▶ [RECORDS SUPPLIED]:

_ _ _

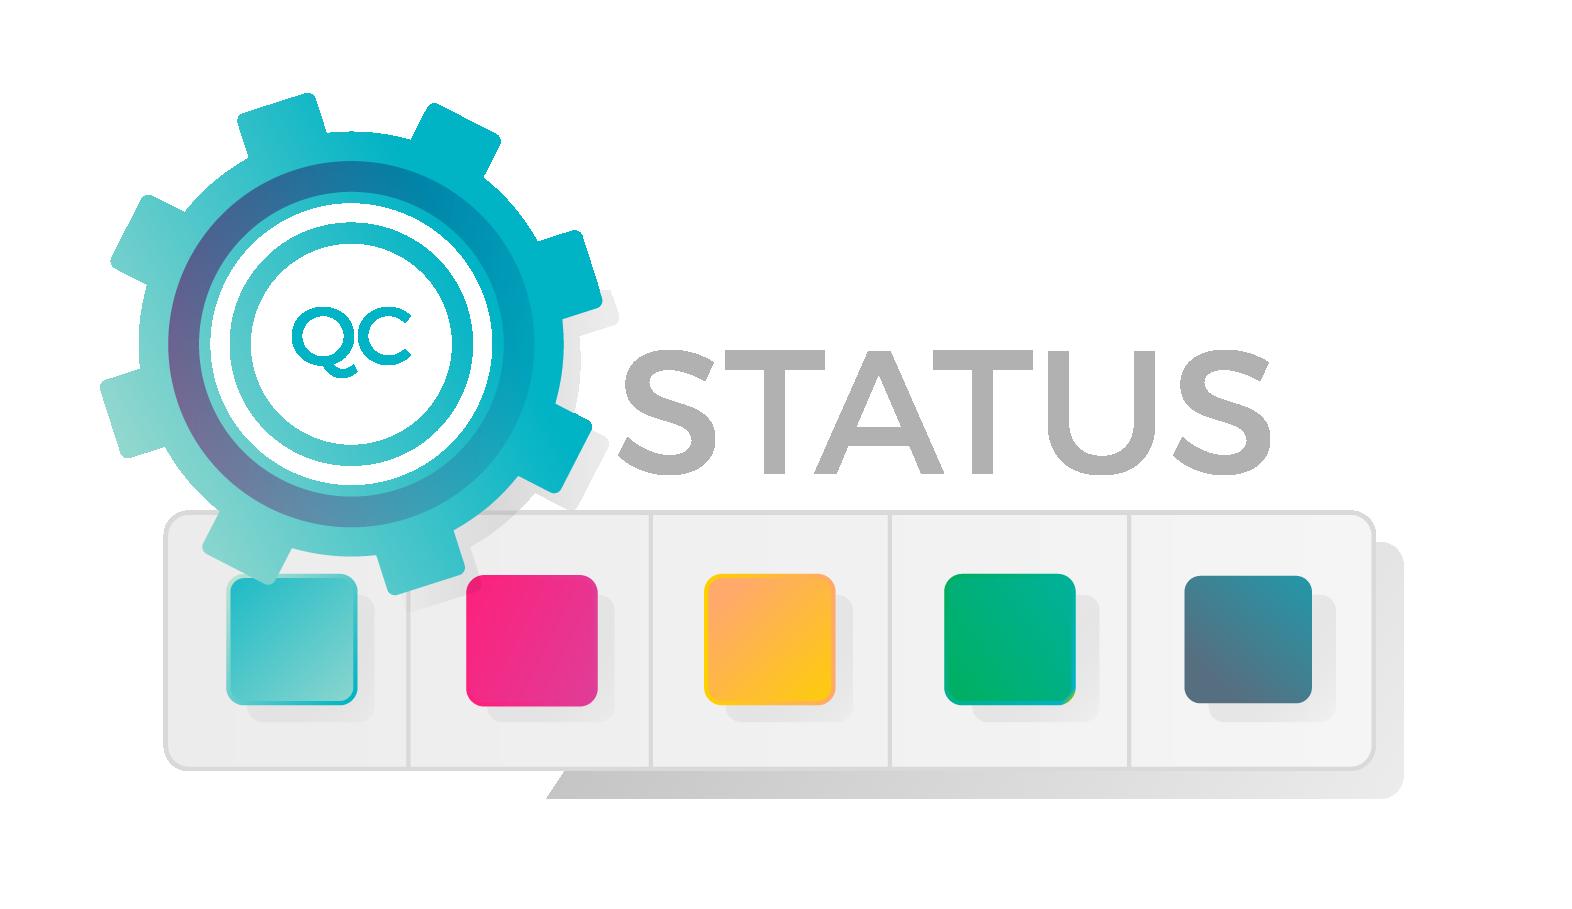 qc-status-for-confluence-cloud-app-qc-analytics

_ _ _

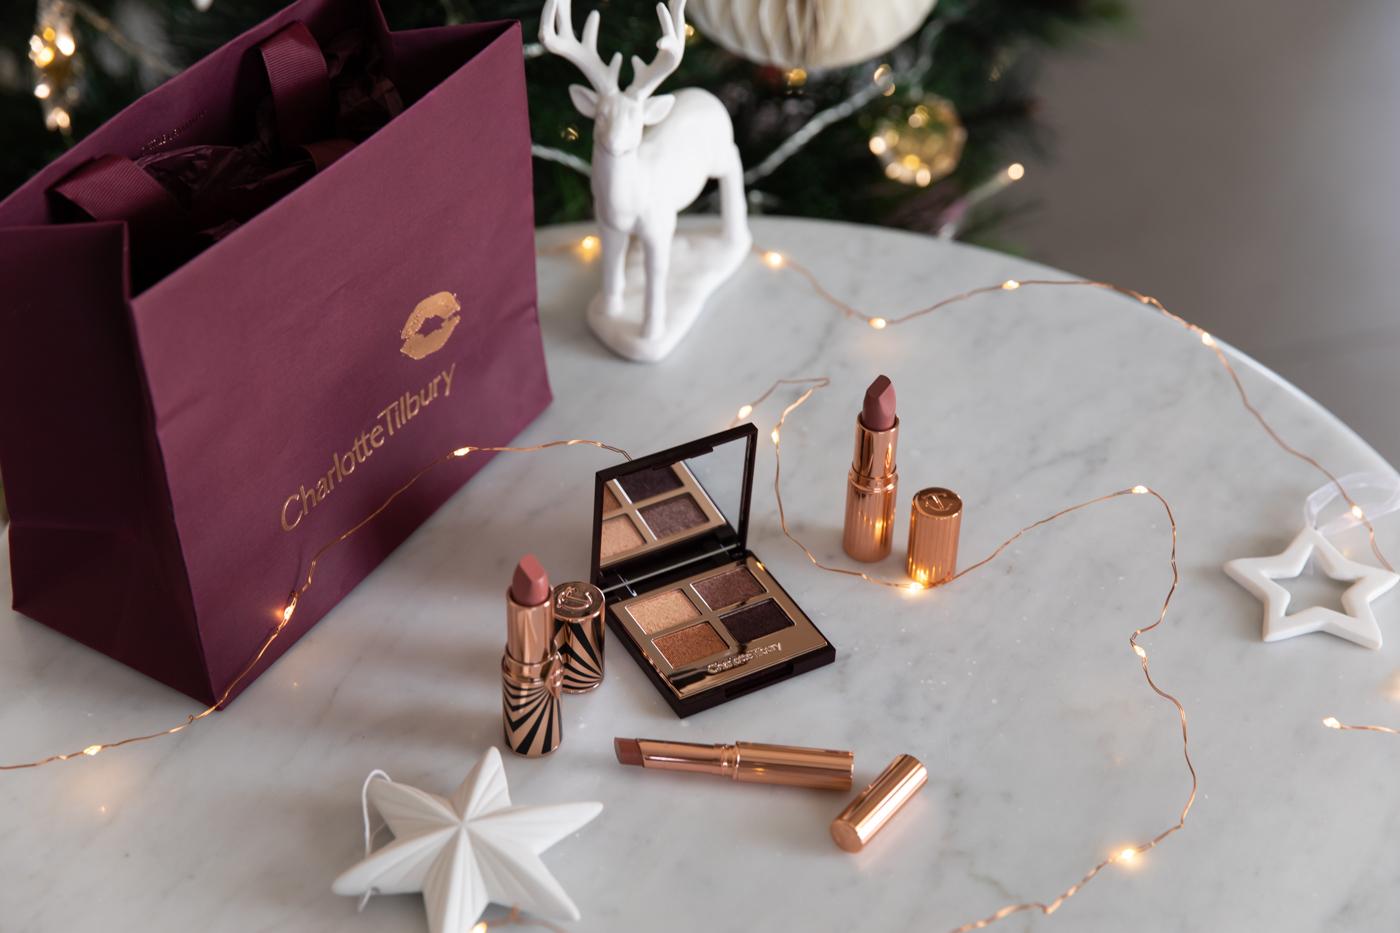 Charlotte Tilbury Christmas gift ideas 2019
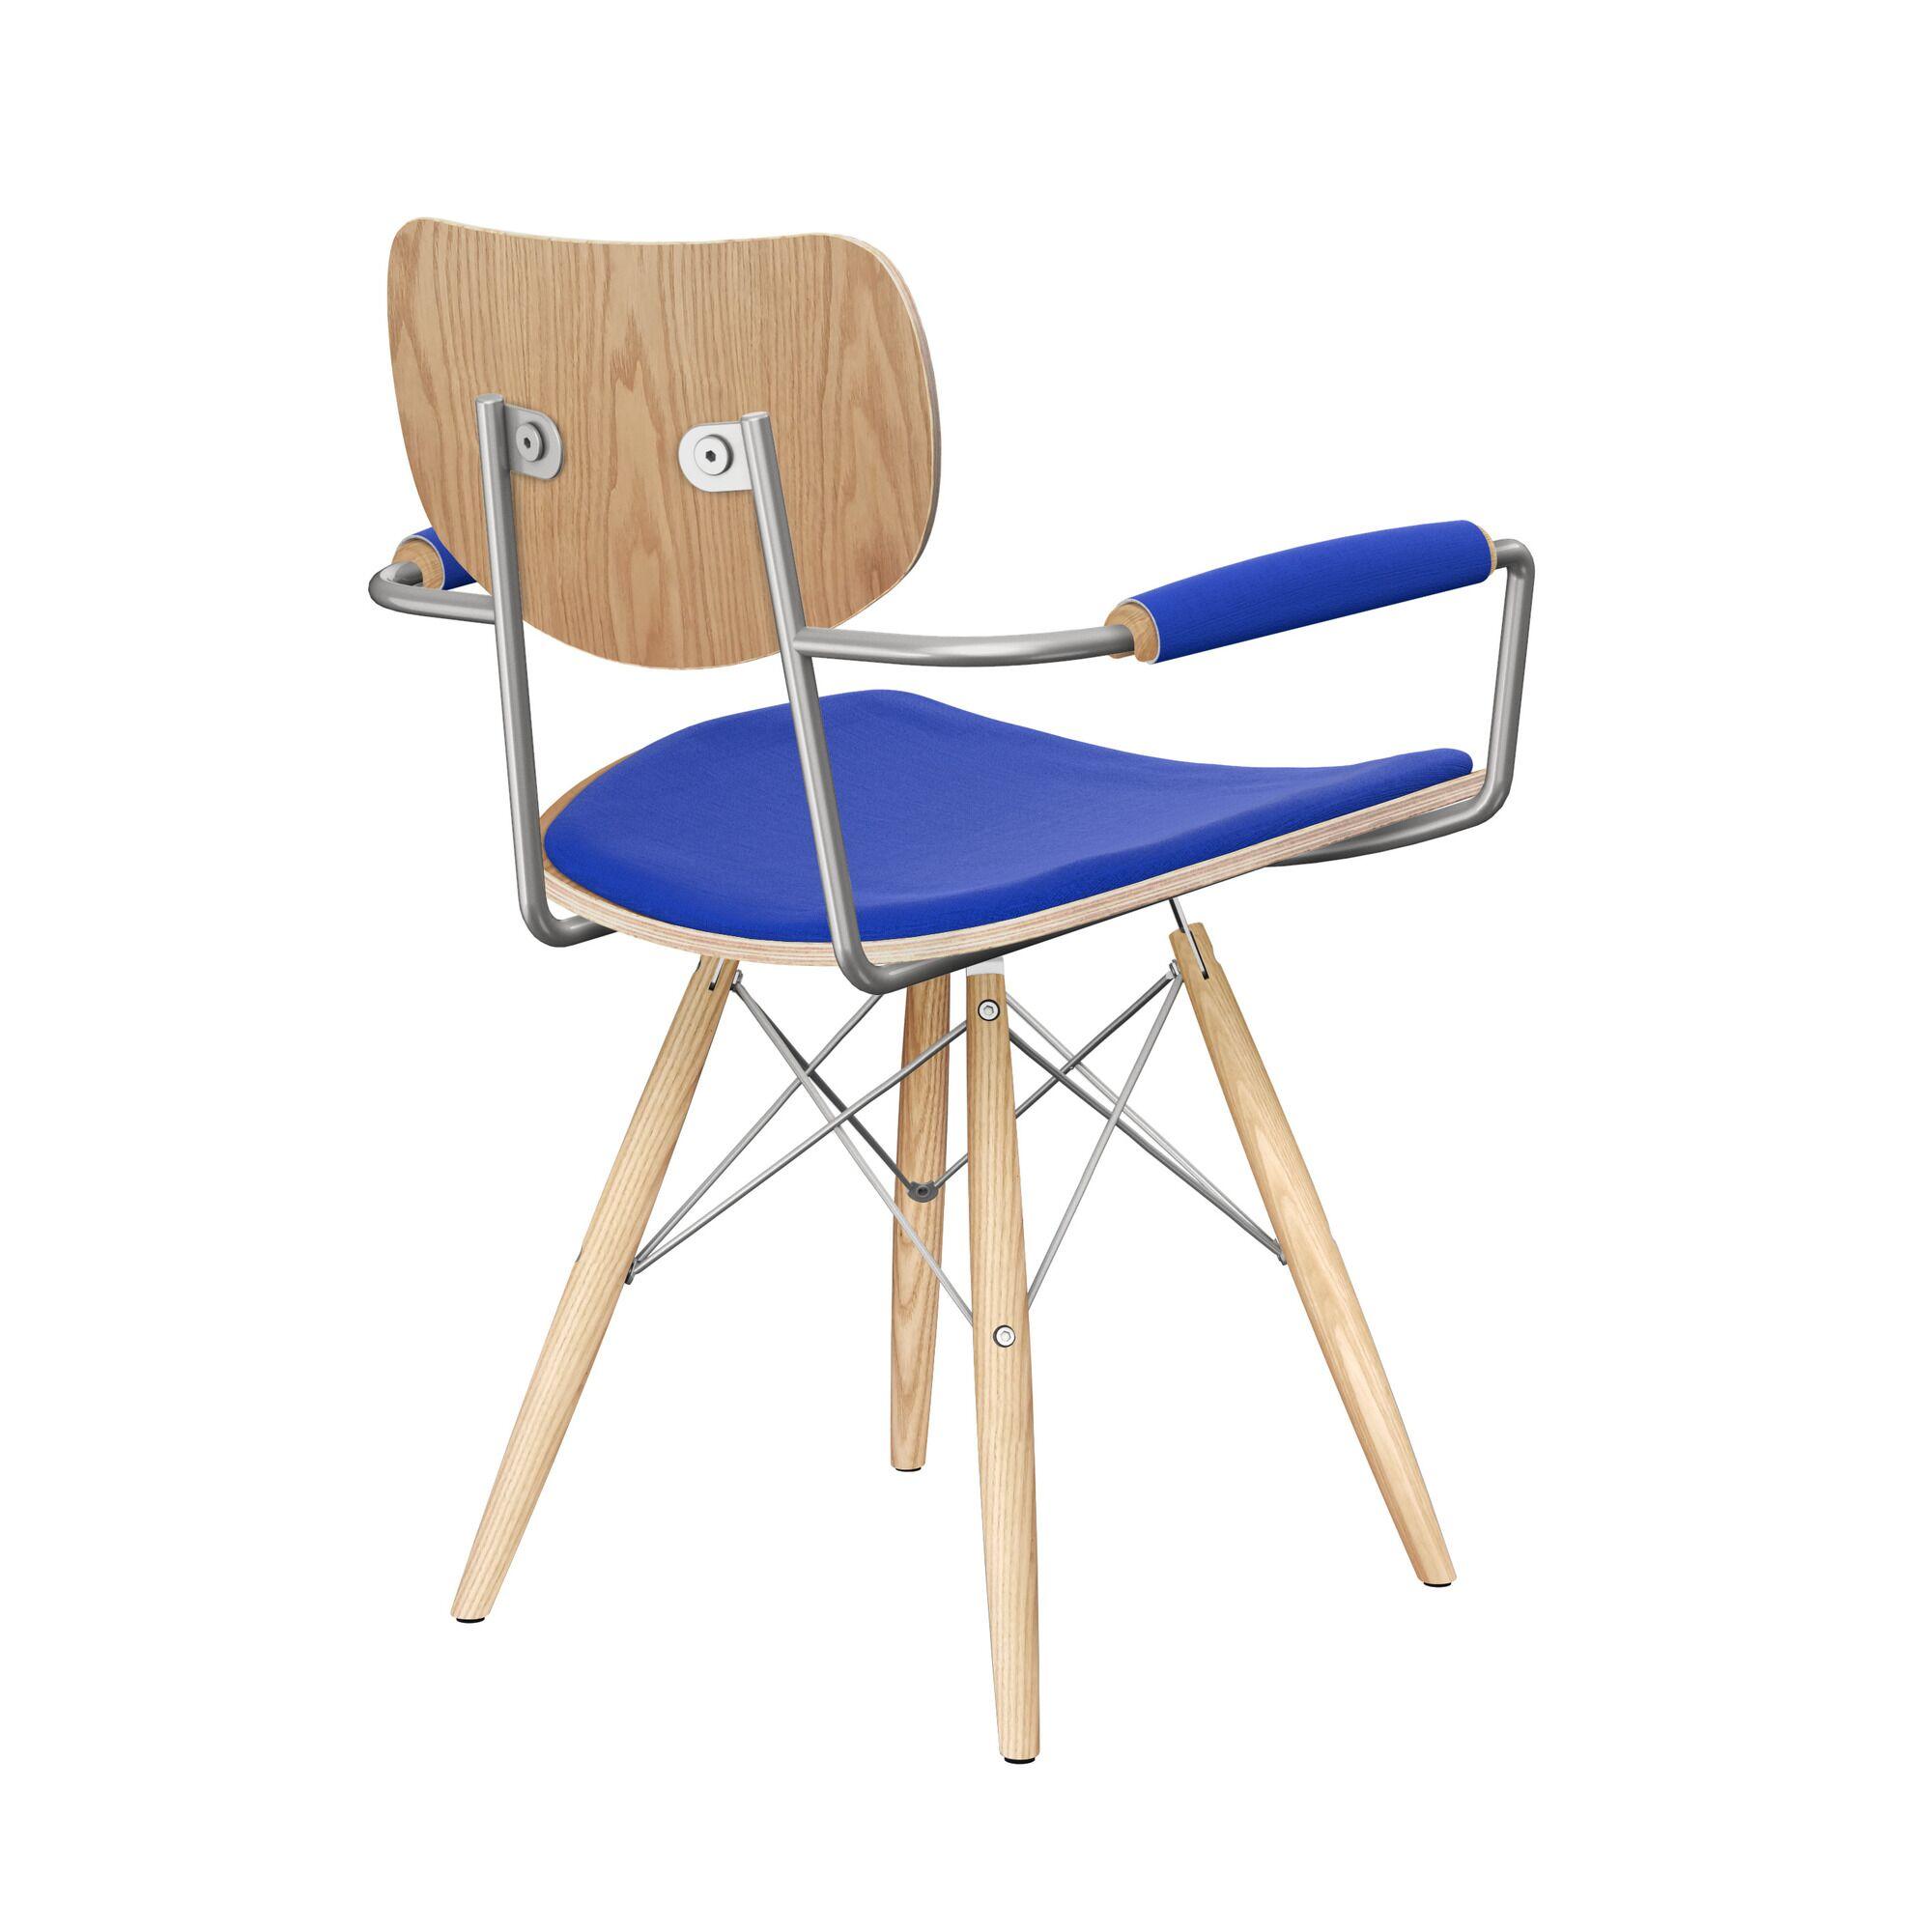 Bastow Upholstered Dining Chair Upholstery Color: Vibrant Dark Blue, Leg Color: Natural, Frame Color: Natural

_ _ _

▶ [WORK INSTRUCTION]:
The material above holds pictures; leave them out and set down exactly the lines from the line with "Charlotte Tilbury Christmas gift ideas 2019" to the line with "Bastow Upholstered Dining", both included.

▶ [OUTPUT OF THE EXERCISE]:
 Charlotte Tilbury Christmas gift ideas 2019
 Bastow Upholstered Dining Chair Upholstery Color: Vibrant Dark Blue, Leg Color: Natural, Frame Color: Natural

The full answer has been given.